Little is known about how simultaneous antagonistic interactions on plants and pollinators affect pollination services, even though herbivory can alter floral traits and parasites can change pollinator learning, perception, or behavior. We investigated how a common herbivore and bumble bee (Bombus spp.) parasite impact pollination in tomatoes (Solanum lycopersicum L.) (Solanales: Solanaceae). We exposed half the plants to low-intensity herbivory by the specialist Manduca sexta L. (Lepidoptera: Sphigidae), and observed bumble bee visits and time spent on flowers of damaged and control plants. Following observations, we caught the foraging bees and assessed infection by the common gut parasite, Crithidia bombi Lipa & Triggiani (Trypanosomatida: Trypanosomatidae). Interestingly, we found an interactive effect between herbivory and Crithidia infection; bees with higher parasite loads spent less time foraging on damaged plants compared to control plants. However, bees did not visit higher proportions of flowers on damaged or control plants, regardless of infection status. Our study demonstrates that multiple antagonists can have synergistic negative effects on the duration of pollinator visits, such that the consequences of herbivory may depend on the infection status of pollinators. If pollinator parasites indeed exacerbate the negative effects of herbivory on pollination services, this suggests the importance of incorporating bee health management practices to maximize crop production.

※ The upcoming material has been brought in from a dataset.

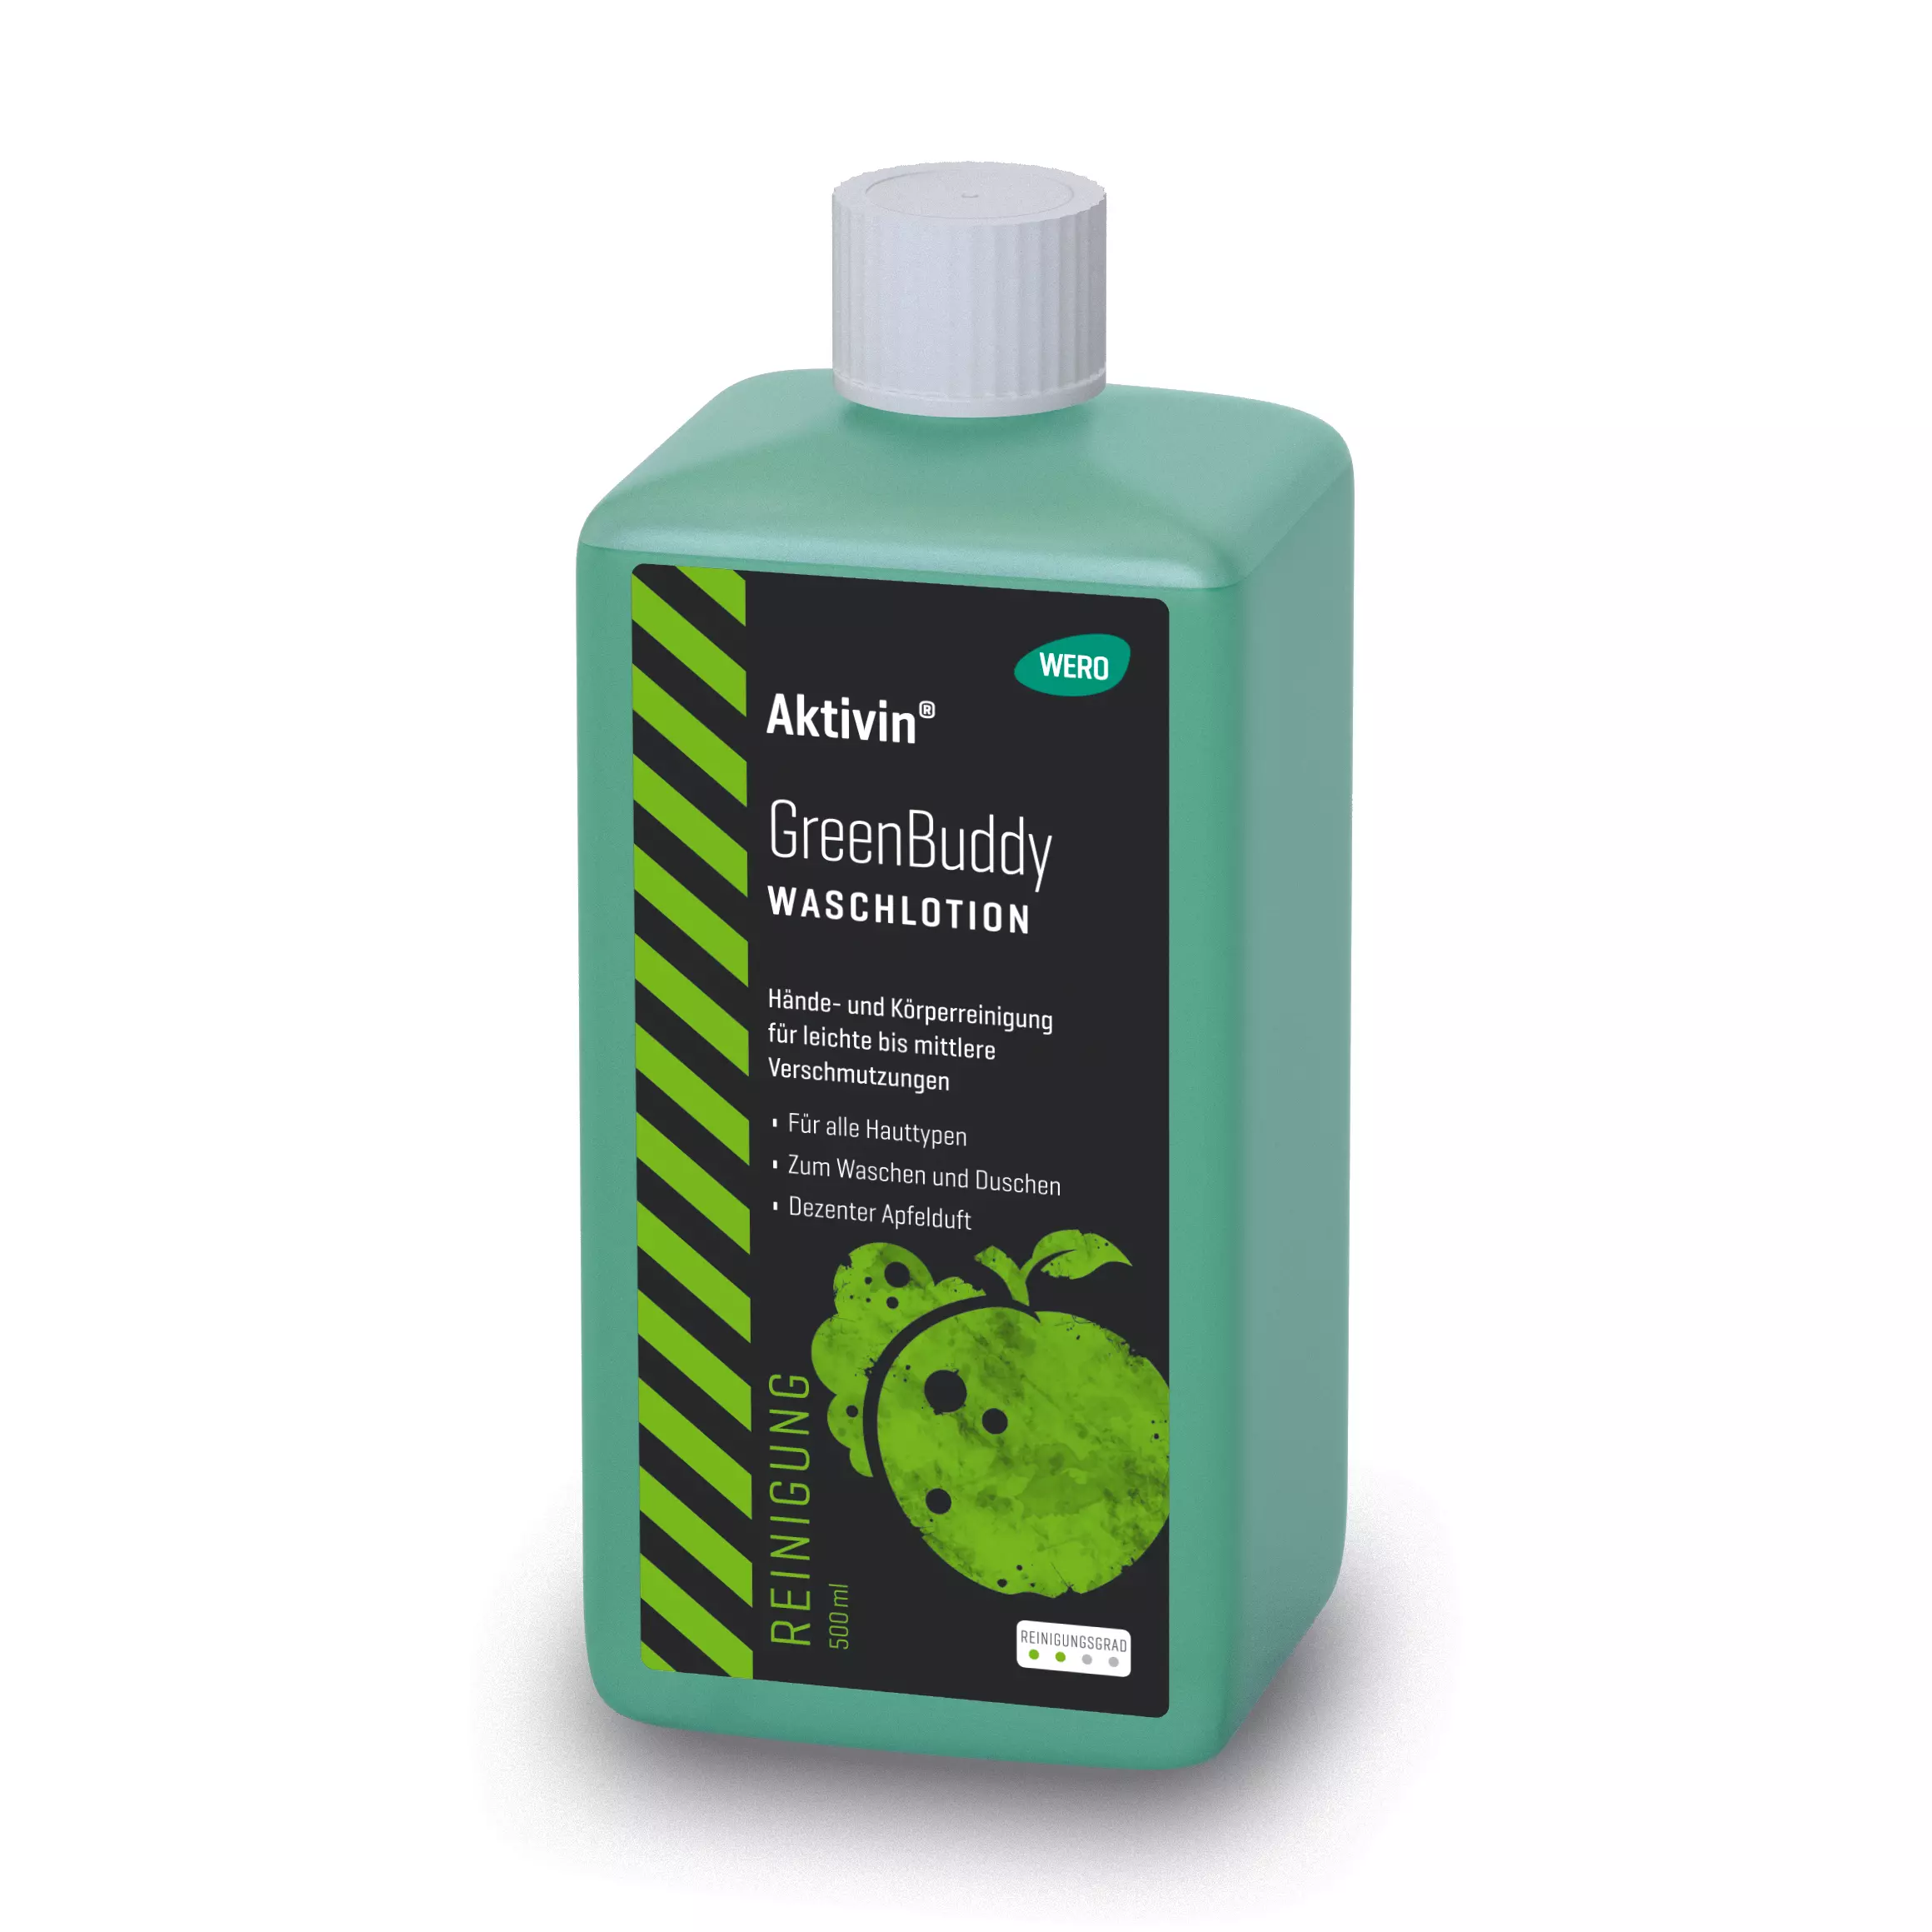 Waschlotion Aktivin® GreenBuddy - Euroflasche, 500 ml

Reproduction and yield in many crops depend on interactions with pollinators (Klein et al. 2007, Garibaldi et al. 2013). However, pollination services can be negatively impacted by antagonists, such as herbivores on plants and parasites of pollinators. In agricultural settings herbivores may have direct negative effects on yield (Oerke 2006), but can also reduce fruit and seed yield indirectly by disrupting pollination services (Moreira et al. 2019). Similarly, pollinator parasites pose direct threats to pollinator health (Goulson et al. 2015), but their effects on pollination services remain understudied (but see Gillespie et al. 2015, Koch et al. 2017). Furthermore, no studies have assessed the combined effects of plant and pollinator antagonists on plant-pollinator interactions, despite the frequency of these overlapping stressors (Pedersen and Fenton 2007).

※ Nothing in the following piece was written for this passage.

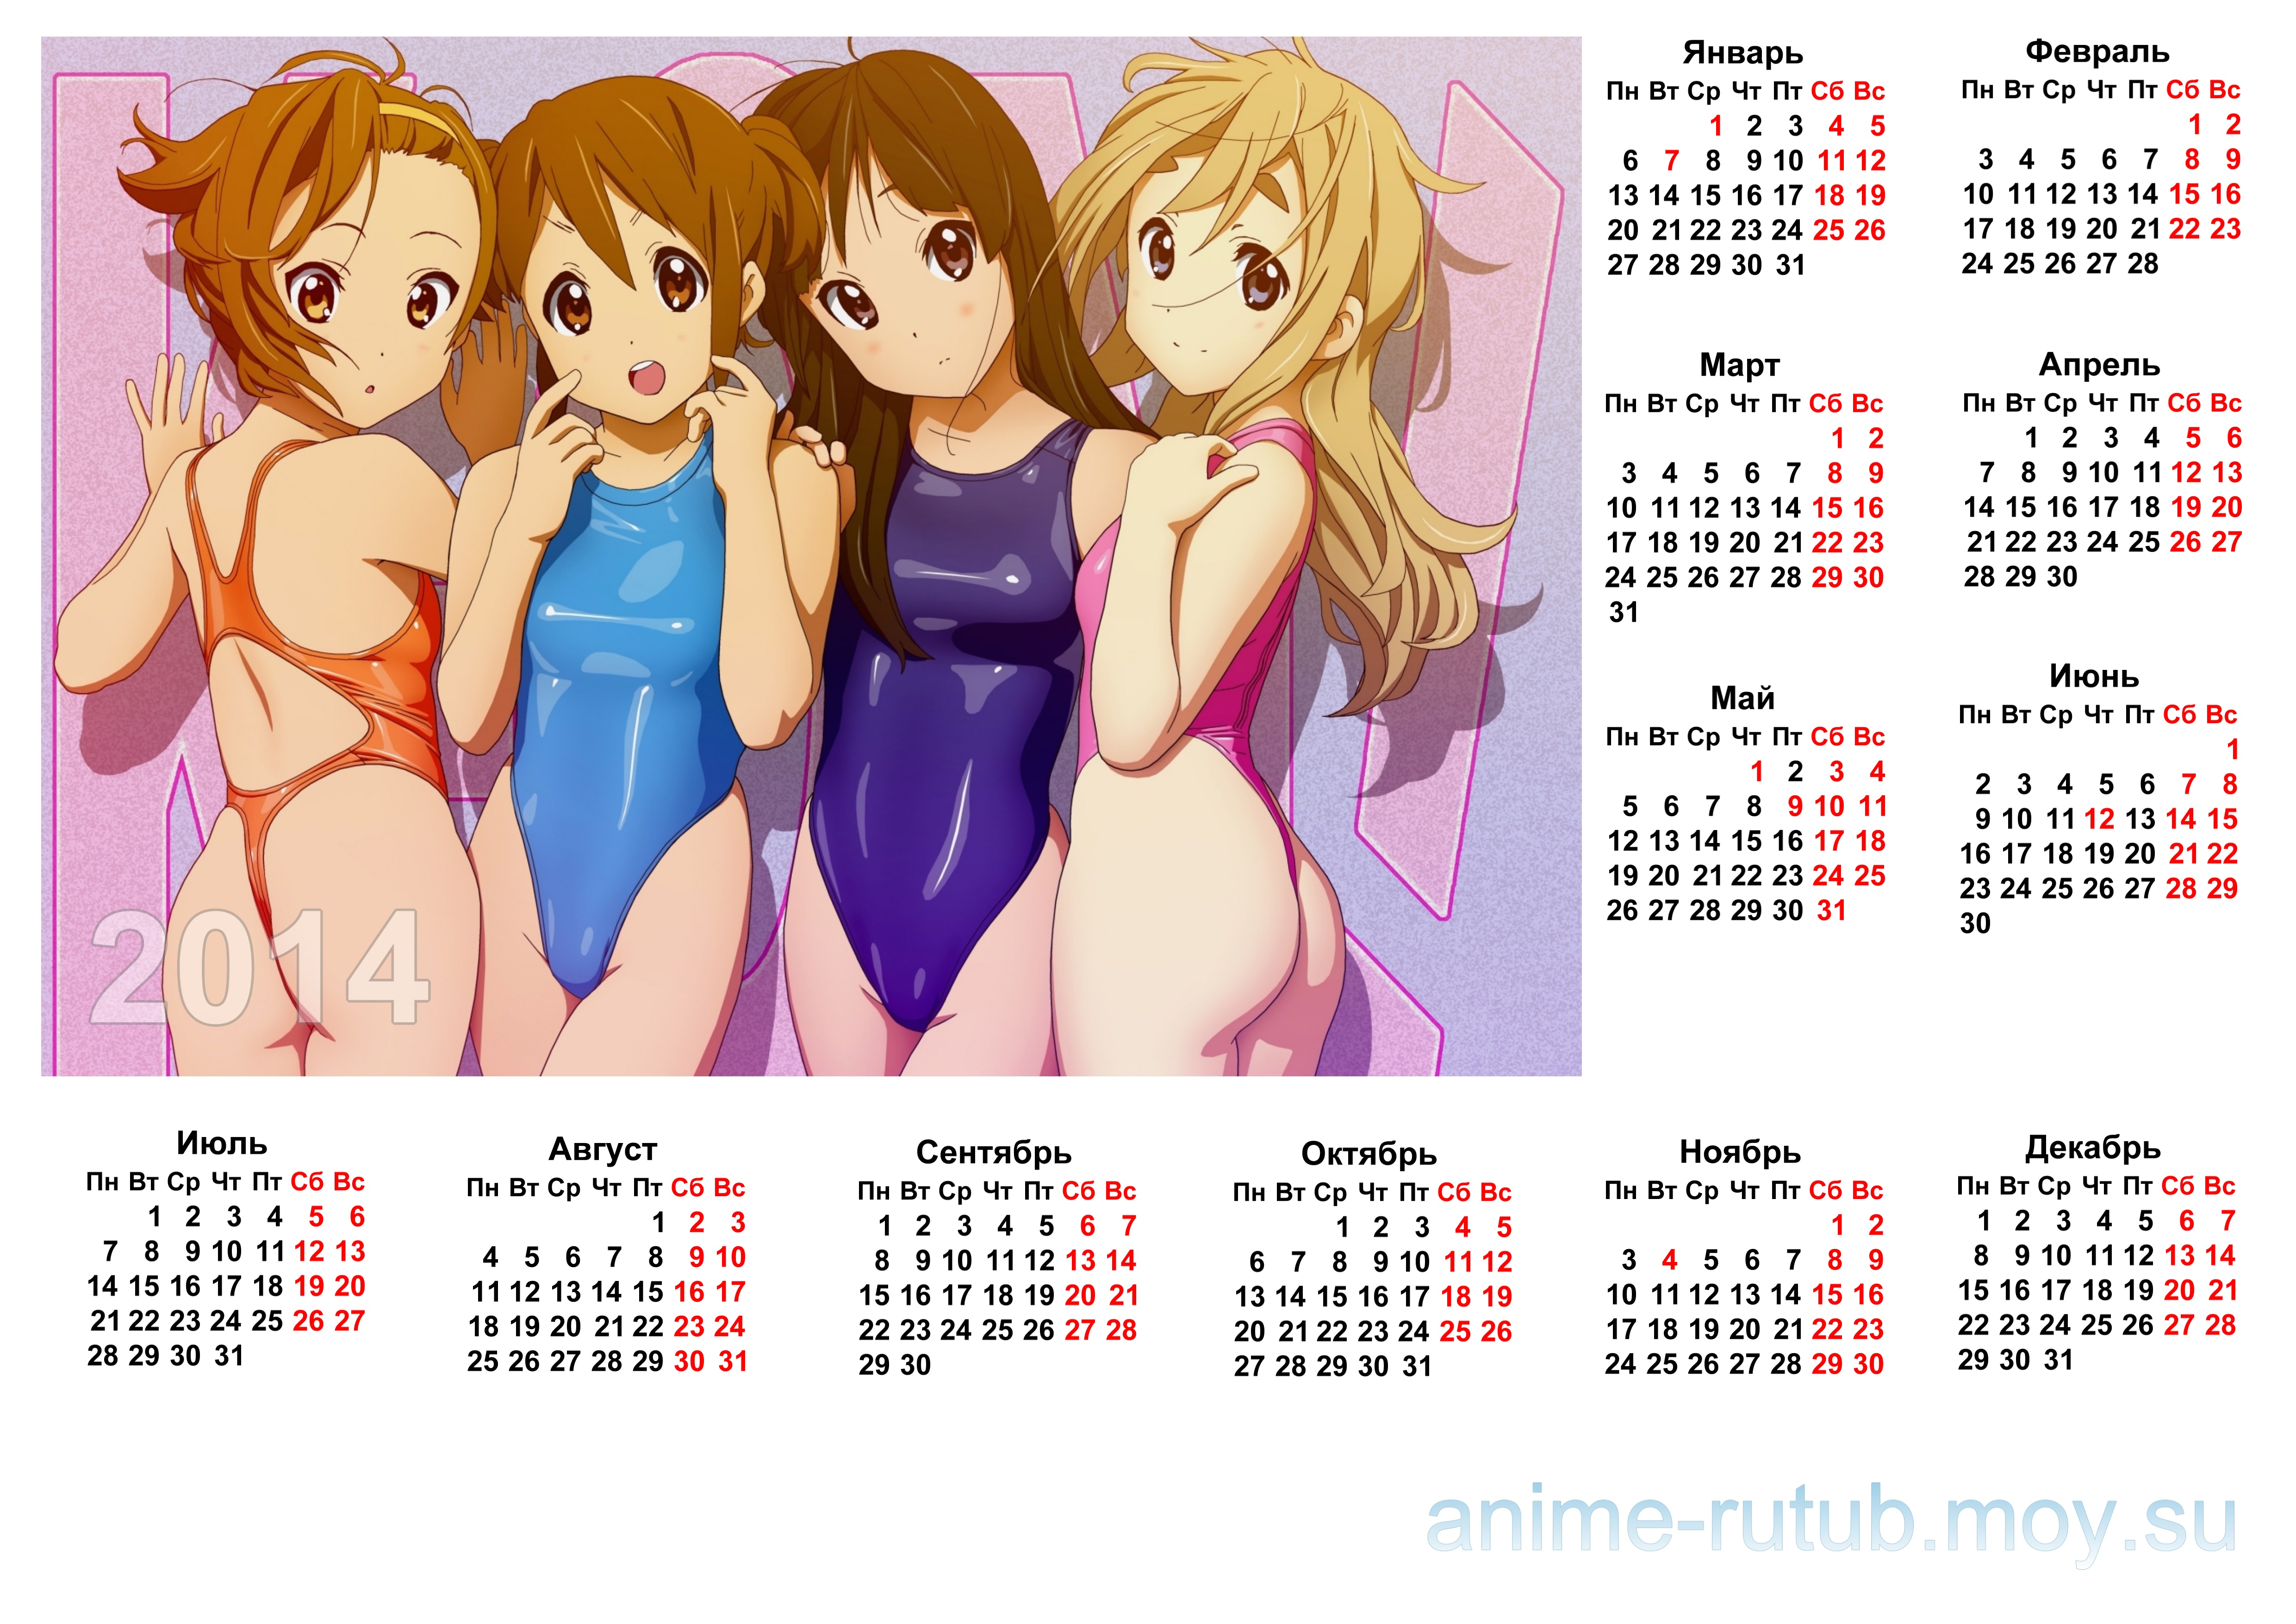 аниме календарь на 2014 год с девушками К-он

Commercially important crops such as tomatoes (Solanum lycopersicum L.) (Solanales: Solanaceae) often benefit from insect pollination, but herbivores cause floral changes that could reduce pollination and limit production. Tomatoes are a self-compatible crop, but maximal fruit and seed production depend on releasing pollen from poricidal anthers by a specialized behavior called ‘buzz pollination’ (Morandin et al. 2001). Tomato flowers attract pollinators via visual and scent displays that advertise pollen as a reward (Morse et al. 2012). However, in other systems, herbivory can induce changes in floral morphology (Moreira et al. 2019), floral scent (Hoffmeister et al. 2016), floral tissue chemistry (Strauss and Irwin 2004), and pollen qualities (Aguirre et al. 2020). In wild tomato, Solanum peruvianium, herbivory induced floral volatiles that reduced pollinator attraction and subsequent seed set (Kessler and Halitschke 2009, Kessler et al. 2011). Thus, plants that have experienced herbivory may be less attractive to pollinators and receive fewer or shorter visits, with consequences for plant reproduction.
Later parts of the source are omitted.